- Data provided:
───

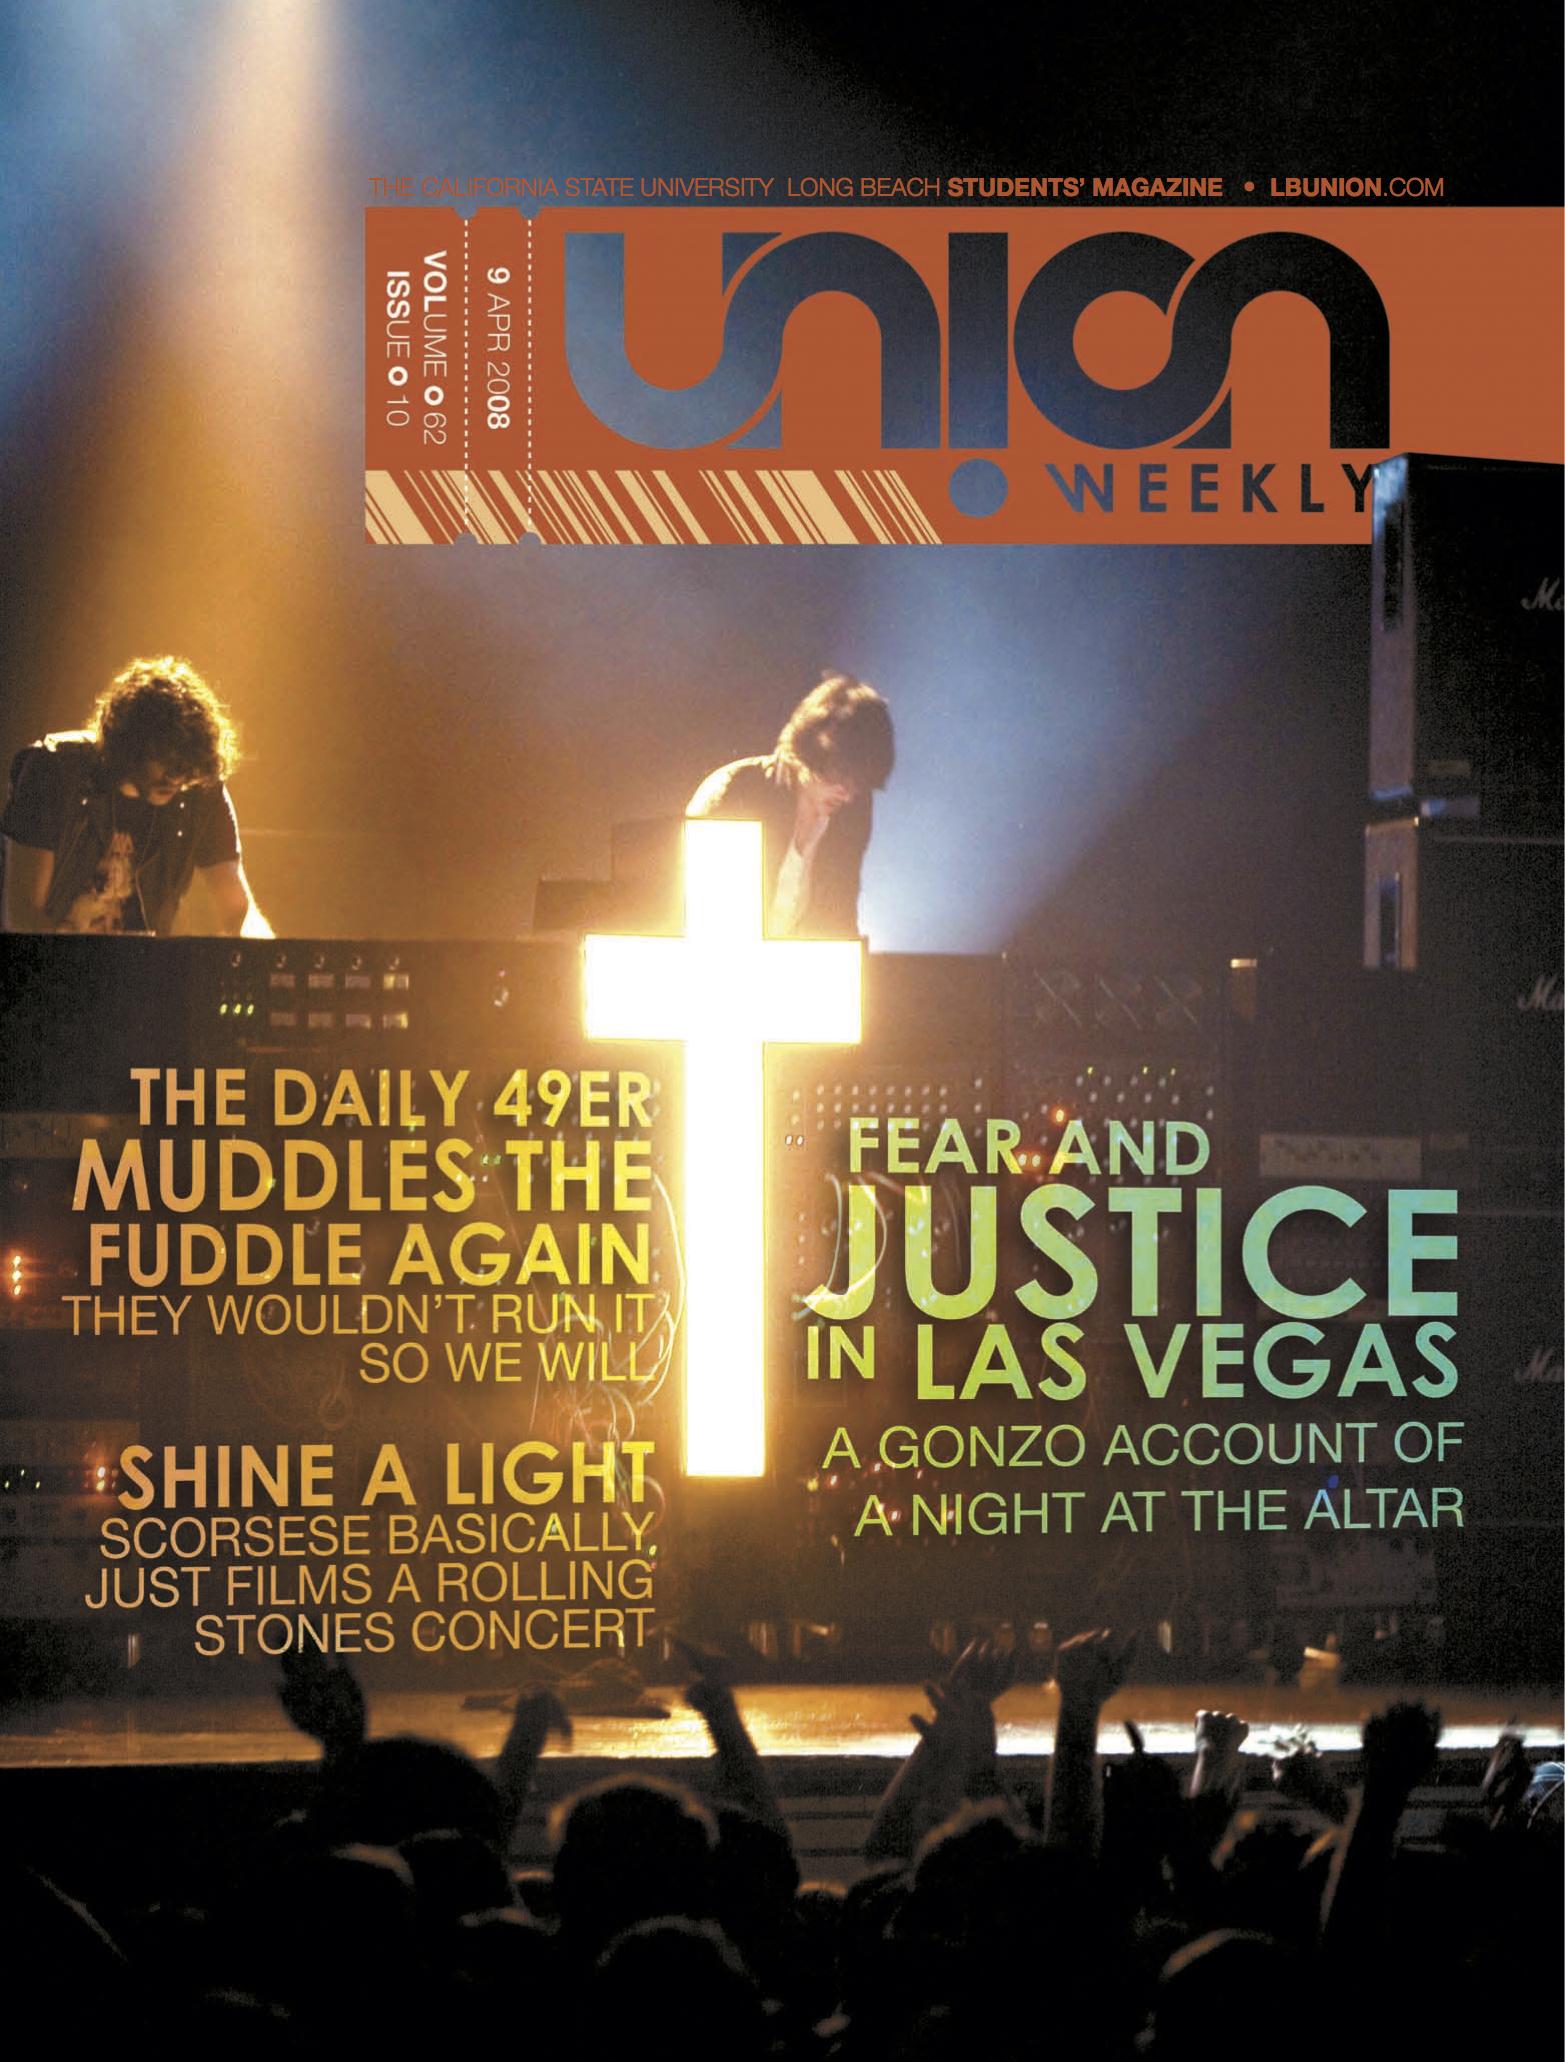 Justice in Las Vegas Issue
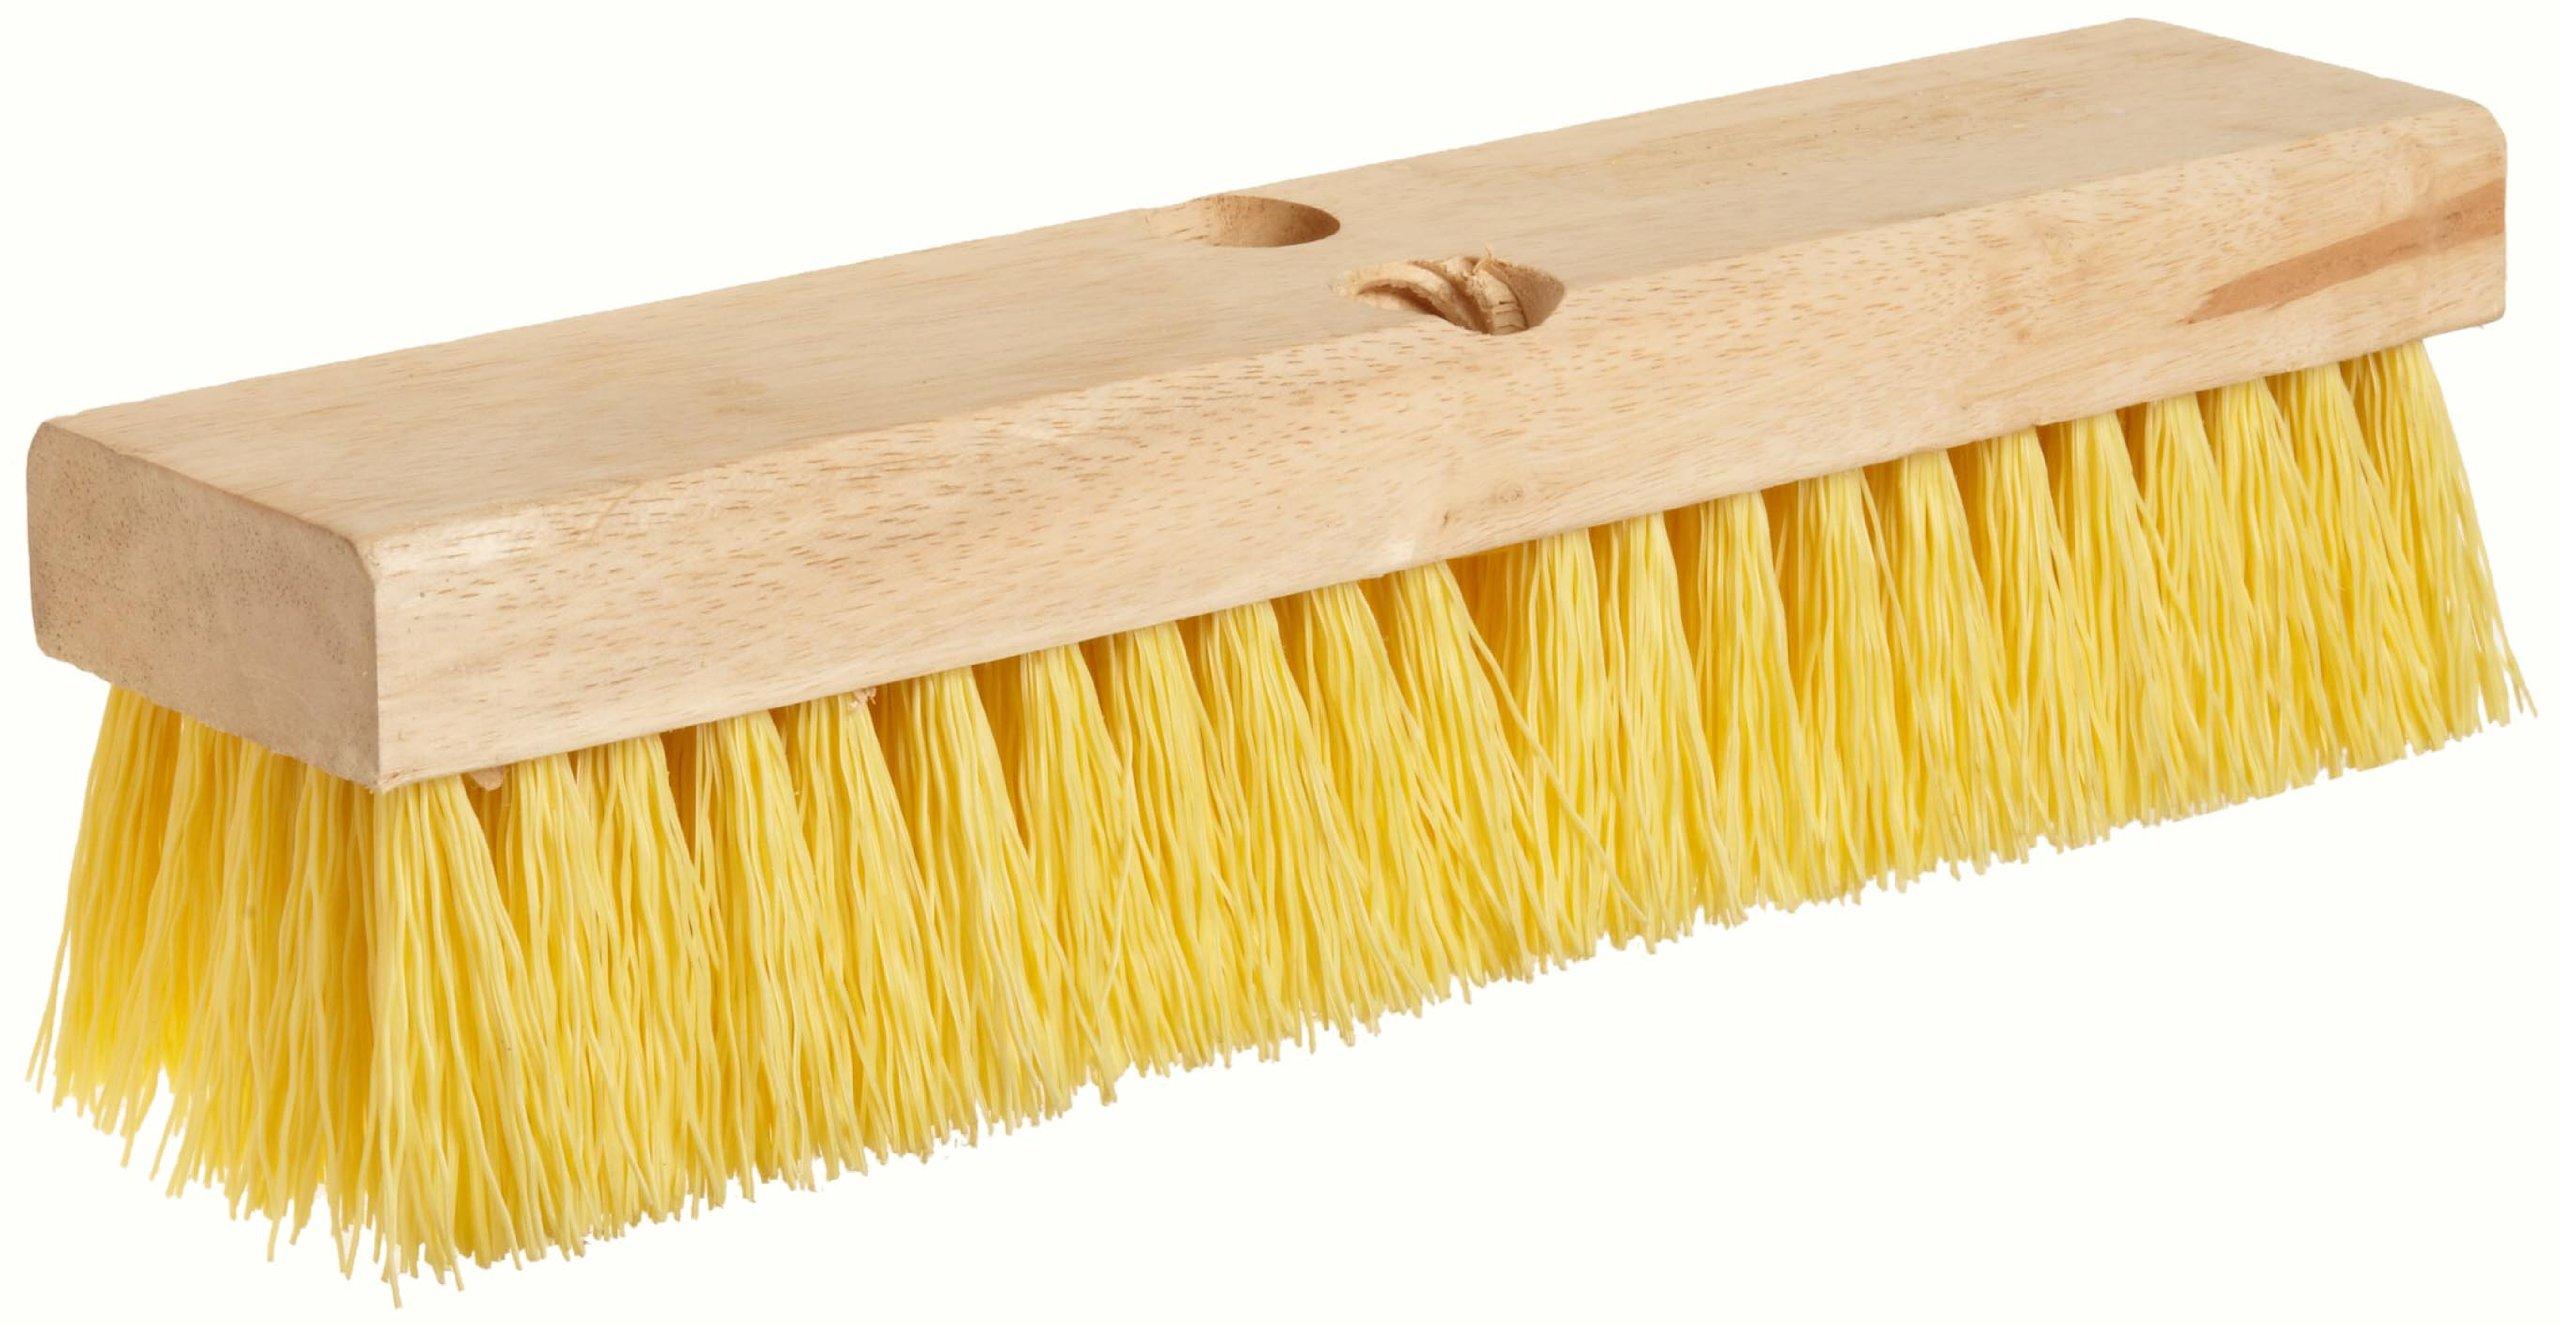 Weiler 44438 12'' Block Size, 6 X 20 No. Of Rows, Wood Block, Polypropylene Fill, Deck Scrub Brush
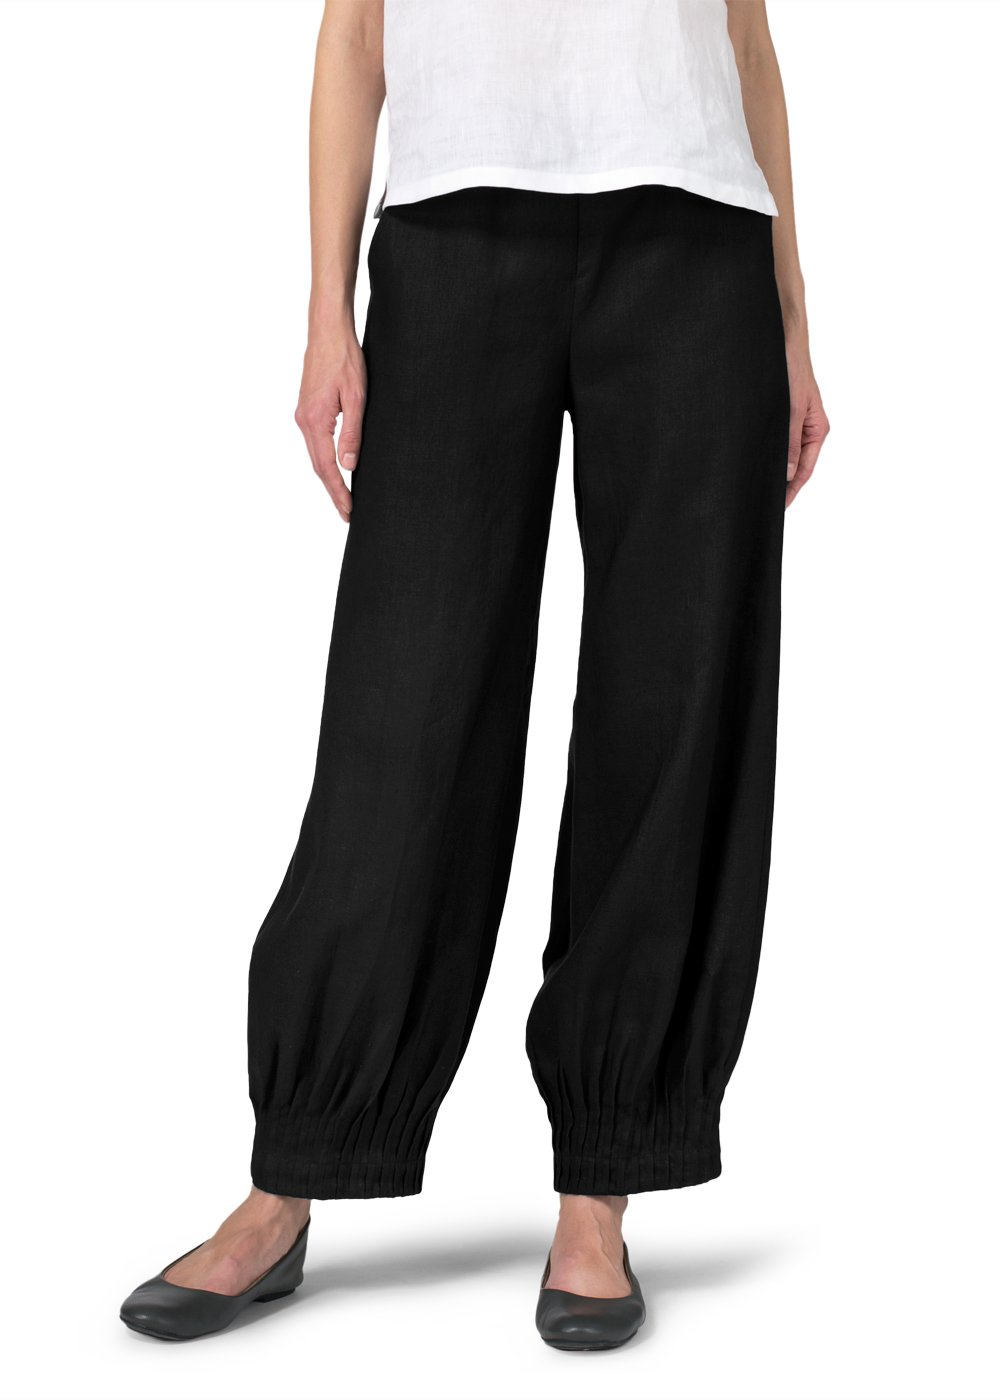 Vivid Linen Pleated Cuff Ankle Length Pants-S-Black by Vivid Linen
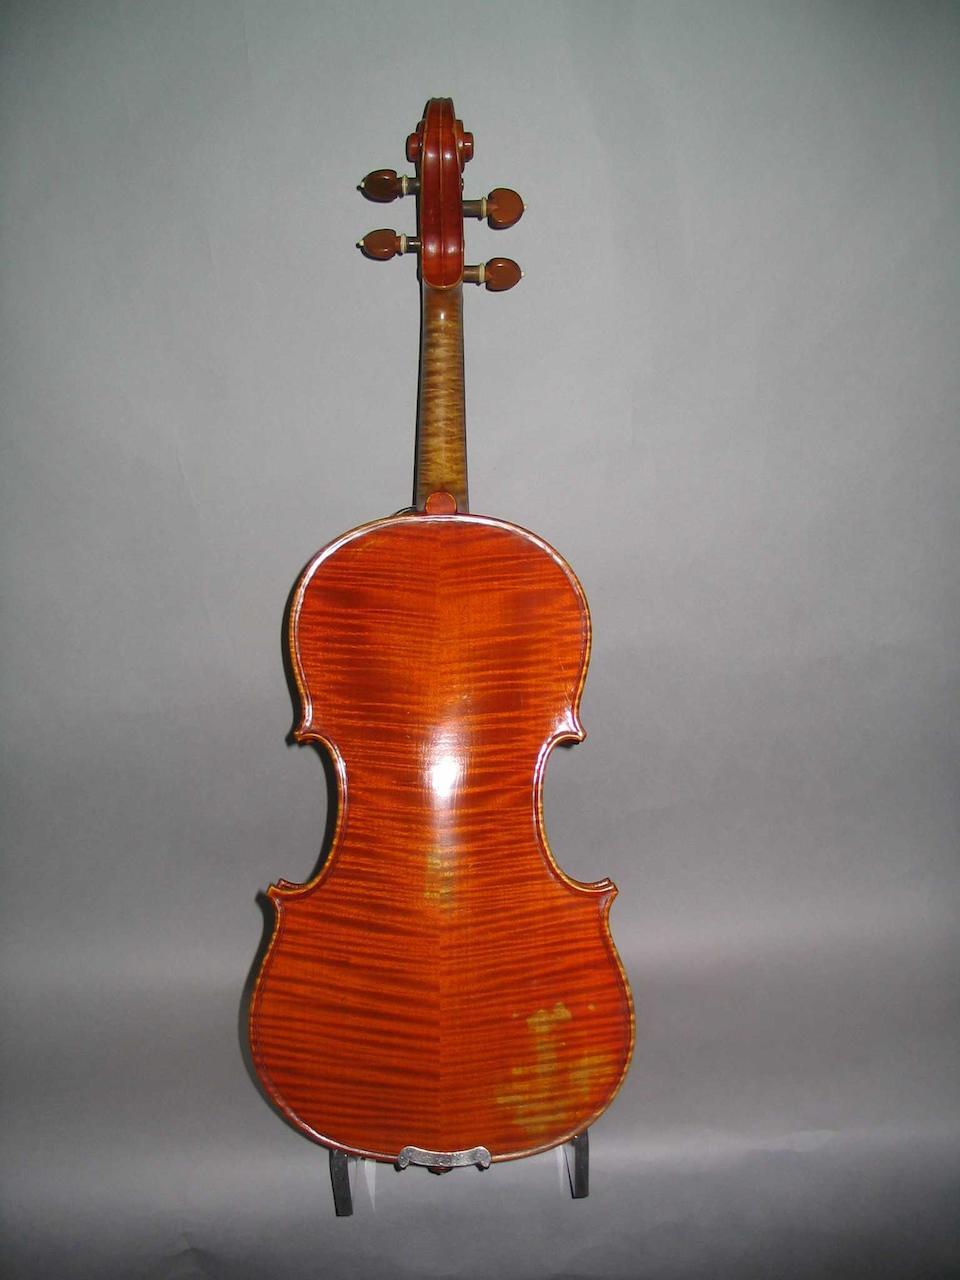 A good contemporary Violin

───

- Task objective: When you restate the listing above, give each line word for word but leave out every image.

- Answer space:
 Justice in Las Vegas Issue
 Weiler 44438 12'' Block Size, 6 X 20 No. Of Rows, Wood Block, Polypropylene Fill, Deck Scrub Brush
 Vivid Linen Pleated Cuff Ankle Length Pants-S-Black by Vivid Linen
 A good contemporary Violin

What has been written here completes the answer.